Per la prima volta, quest’anno, abbiamo seminato un piccolo appezzamento di grano per avvicinarci alla comprensione del significato del Pane. La semina di grani antichi autoctoni e la mietitura sono state manuali. Per la trebbiatura, invece, abbiamo partecipato ad una delle ancora numerose feste della trebbiatura tradizionale che fortunatamente ancora si organizzano sul nostro territorio.
Si tratta di un evento sociale molto sentito, in cui la comunità si aggrega per celebrare la conclusione di un ciclo di attività in cui non solo uomo e natura in perfetta sinergia si sostengono a vicenda, ma ognuno si sente legato all’altro da vincoli di operosa mutualità e gioiosa gratitudine.
Il duro lavoro dei campi viene ripagato dalla bellezza e dall’abbondanza del raccolto del grano, base dell’alimentazione e seme-simbolo della nostra civiltà, distinta dalla civiltà orientale del riso e da quella americana del mais.

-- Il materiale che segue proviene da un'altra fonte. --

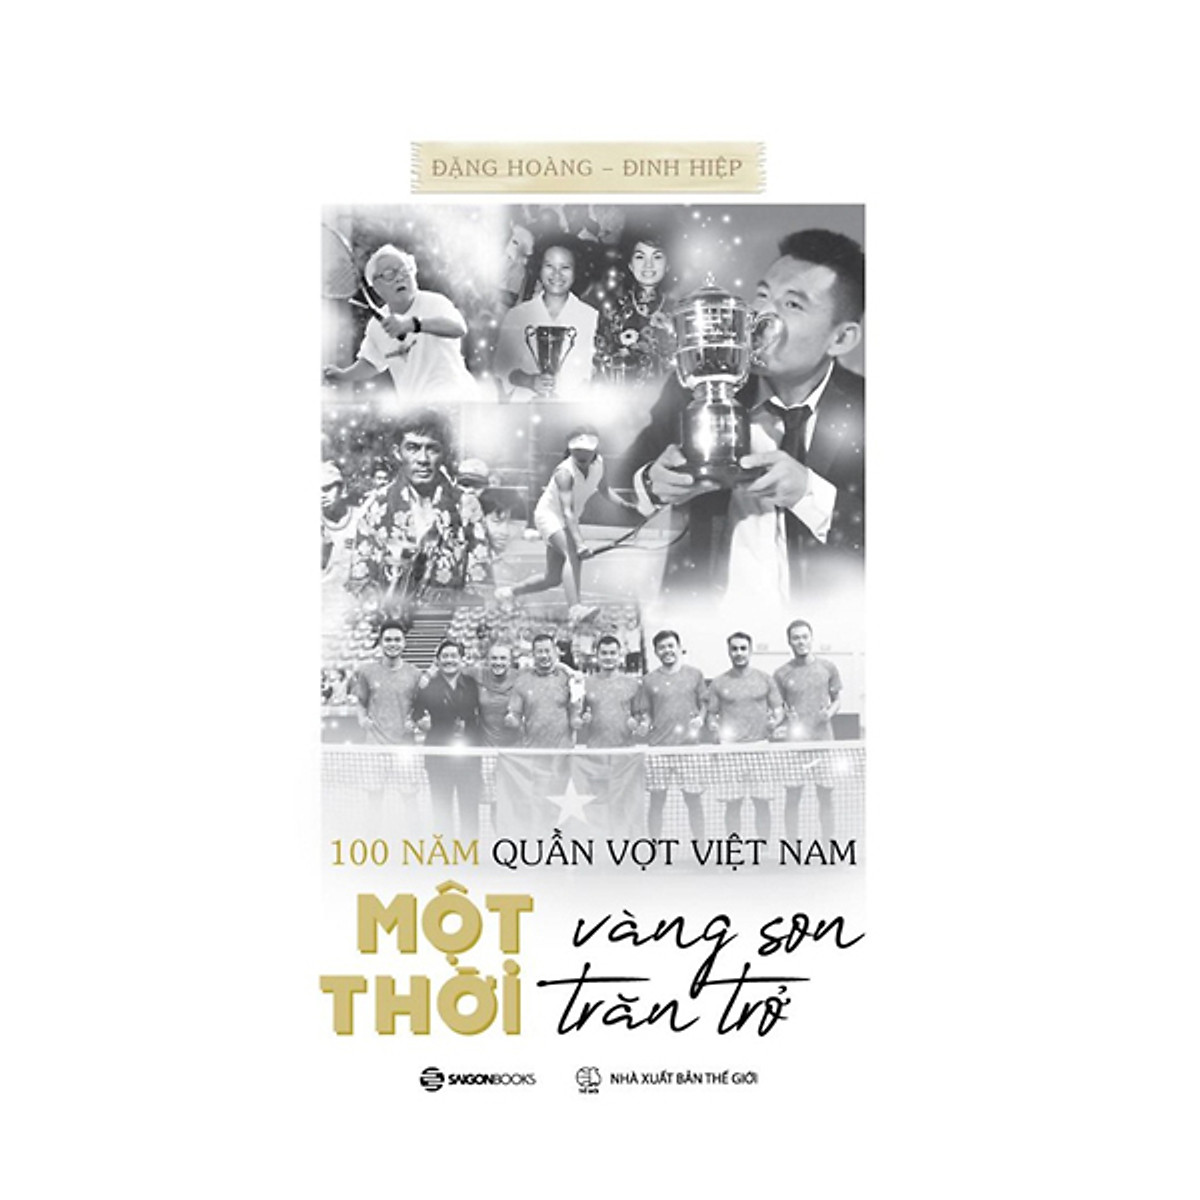 100 Năm Quần Vợt Việt Nam: Một Thời Vàng Son, Một Thời Trăn Trở - Bộ Sách Chữ & Ảnh PDF

La kermesse, al suo culmine, ci ha donato l’indelebile visione di una cascata dorata e sonora di semi che dall’alto si riversava nei sacchi posti a terra, mentre la paglia, voluminosa e scompigliata, veniva pressata in forma di parallelepipedi sfavillanti ai raggi solari.
Tutt’intorno, un brulicare di gesti attenti e precisi, sapienti e antichi.
Al margine della scena, l’area “profana” con cibo, bevande e danze popolari al ritmo di fisarmoniche e tamburi.
Con un po’ di sorpresa, ci siamo ritrovati catapultati in un mondo d’altri tempi, rappresentato nelle scene di vita quotidiana di certa pittura di genere medievale e rinascimentale. Una grandiosa performance teatrale in cui, sul palcoscenico dell’aia assolata, ogni singolo individuo aveva un suo ruolo specifico, funzionale alla creazione di una realtà essenziale, semplice, corale.
La dicotomia, tipica della nostra mentalità contemporanea, fra sacro e profano, individuo e comunità, vita e lavoro si dissolveva.
Ma se è vero che “come in alto, così (è) in basso”, si può leggere la kermesse anche come il riflesso di immagini cosmiche sulla Terra: ogni attore è un pianeta che percorre la propria orbita non per se stesso ma per il sistema solare di cui è parte. Le meccaniche celesti si rispecchiano nella meccanica delle grandi macchine agricole del secondo dopoguerra costruite da un tipo di intelligenza di derivazione evidentemente leonardesca. Così, ogni moto planetario corrisponde ai precisi e cadenzati gesti umani compiuti alla luce del Sole.
Quando saranno maturi i tempi delle nuove comunità umane organizzate sulla base di rinnovati valori, ci saremo ricollegati a questo tipo di ritualità e di conoscenze per edificare un modello esistenziale in cui l’Agricoltura, da mera e arida tecnica, potrà essere diventata l’arte per eccellenza, la sintesi di tutte le arti, e sollevare l’essere umano verso nuovi, più ampi e luminosi orizzonti.
Grazie a Domenico Di Camillo per il suo impegno e la sua passione affinché tutto ciò venga custodito e non dimenticato. E grazie per la sua gentile ospitalità.